Why Is It Called a Super?

With all the terms and jargon that go with beekeeping, knowing the underlying meaning of words may help you remember their uses. Beware of the lazy verbal trap of calling every box a super.

According to the dictionary, a definition of “super” is:

A prefix from Latin, with the basic meaning “above, beyond.” Words formed with super- have the following general senses: “to place or be placed above or over” (superimpose, supersede), “a thing placed over or added to another” (superscript; superstructure; supertax), “situated over” (superficial; superlunary) and, more figuratively, “an individual, thing, or property that exceeds customary norms or levels” (superalloy; superconductivity; superman; superstar).

Thus we can see that the reasons early beekeepers gave the name “super” to those boxes in a Langstroth hive that hold excess honey were not only the location of the boxes on the top of the hive, but also the fact that the honey stored there is honey that exceeds the level needed for the cluster of bees to get through winter. Their honey is stored at the sides and upper areas in the brood chamber.

Hive Bodies - Courtesy of The Honey Exchange in Portland

Hive Bodies – Courtesy of The Honey Exchange in Portland

Interestingly, normal dictionaries don’t have the definition of “super” as a noun (as beekeepers use it), but by now you should realize we aren’t normal.

A deep (box) is the standard box from which everything else is measured. A shallow (box) is half the height of a deep, and a medium (box) is three-quarters the height of a deep.
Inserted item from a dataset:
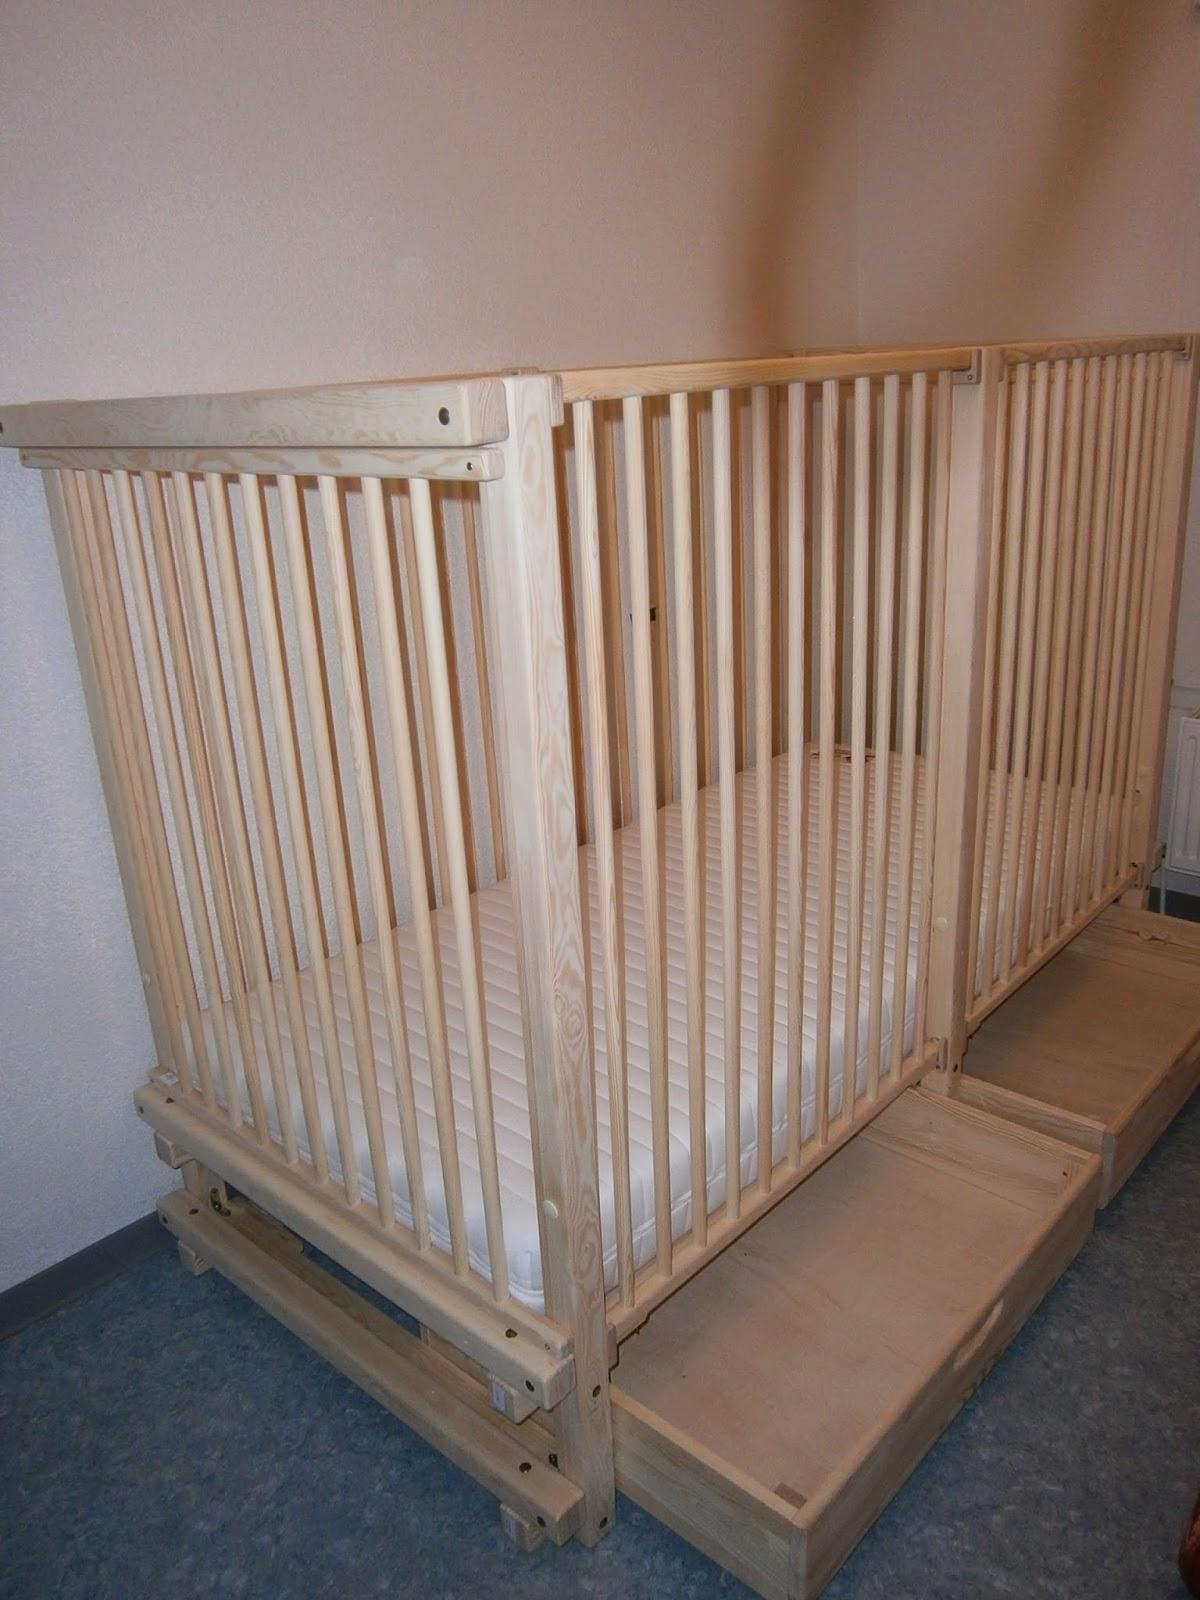 lit barreau adulte. Black Bedroom Furniture Sets. Home Design Ideas

Shallows are used as supers, while mediums can be used as supers and/or brood boxes. A brood box is one of the lower boxes of a colony, in which brood is being raised. The brood nest, or cluster, is inside the brood boxes. Sometimes the whole area containing the brood nest is called the brood chamber. Beekeepers usually use two deep brood boxes for a brood chamber, but some use three mediums for a brood chamber, and this configuration has virtually the same total volume.

Those who raise comb honey use just one deep brood box during a strong nectar flow, to get the bees working better in the comb-honey supers.

Some beekeepers overwinter a colony in a brood chamber made of two deeps and a shallow, or two deeps and a medium. This is a way to really make sure the overwintering bees have enough honey to eat.

Many books use the term “hive body” to refer to any box of any kind. This is the proper term to use when speaking of boxes in a general sense, and it will not cause confusion.

“Hive Body” is the proper phrase to use when speaking of boxes in a general sense.